Maersk has been obliged to issue a profit warning ahead of the publication of its half-year results on 18 August after its earnings guidance proved to be “overly optimistic”, according to consultant Alphaliner.

The Danish transport group issued the “adjustment to expectations” to the stock exchange, based on challenging trading in the second quarter.

It said it saw profitability “negatively impacted”, with a 28% increase in bunker prices over the same period of 2017, and a 1.2% drop in average freight rates.

In its Q1 results, published in May, Maersk confidently reiterated its full-year guidance of an ebitda of $4bn-$5bn with a net profit above the 2017 figure of $356m.

However, CEO Soren Skou said spot rates suffered a “significant drop” in the second quarter and Maersk Line had continued to experience “very high” bunker prices, for which it had “not been able to get fully compensated in freight rates”.

As a consequence, Mr Skou said, Maersk’s 2018 guidance was being downgraded to an ebitda of $3.5bn-$4.2bn and an, as yet unspecified, lower but still “positive” net profit.

“While east-west spot freight rates are holding up well, freight rates on several north-south tradelanes have tumbled under pressure from overcapacity,” noted Alphaliner.

“Maersk, which has a significant exposure on the north-south tradelanes, would be particularly impacted by the weaker rates on these routes.”

Indeed, spot rates between Asia and South America, for instance, have fallen dramatically since the beginning of the year, and last week the Shanghai Containerized Freight Index (SCFI) recorded a further $355 slump in rates to Santos to $1,576 per teu, which compares with the market rate of over $3,000 in January.

During Maersk’s Q1 earnings call, chief commercial officer Vincent Clerc conceded that the carrier had been unable to pass on to shippers the full extent of the fuel increase, and added that it had been “pretty dicey” to renegotiate contracts during a period of escalating bunker prices.

Maersk reported an “unsatisfactory” underlying net loss of $239m in the first quarter and pledged that it had “a number of plans in place” to reduce its costs, including capacity reductions and feeder optimisation.

But despite the profit warning, Maersk saw its shares bounce back by around 7% yesterday, as investors regarded the revised guidance as “not as bad as feared”, along with Mr Skou’s prediction of improved rates in Q3.

Maersk’s stock price had tumbled around 22% on concerns of a “loss of focus” at the Copenhagen headquarters, along with fears of an escalating trade war between the US and China impacting liftings.

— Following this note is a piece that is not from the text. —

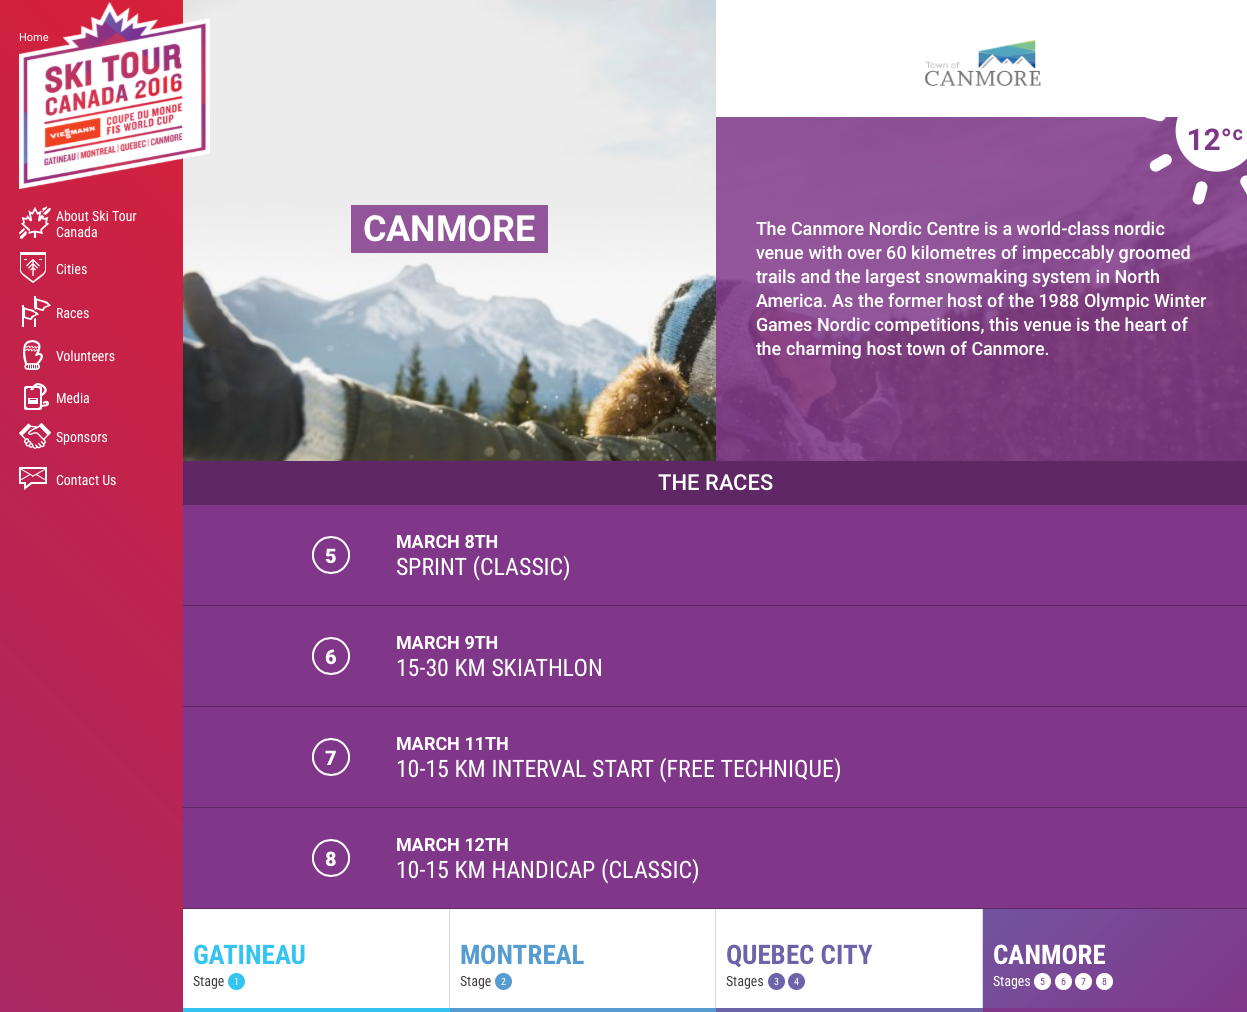 Le Ski Tour Canada 2016 dévoile son site web !

Elsewhere, Hapag-Lloyd is scheduled to announce its H1 interim results on Friday. The Hamburg-headquartered carrier issued a profit warning on 29 June, based on the first five months’ trading and blaming the rise in fuel costs and charter rates together with “persistently low freight rates”.

In the first quarter, the liner industry cumulatively lost around $1.2bn, based on the financials of the carriers that report their results.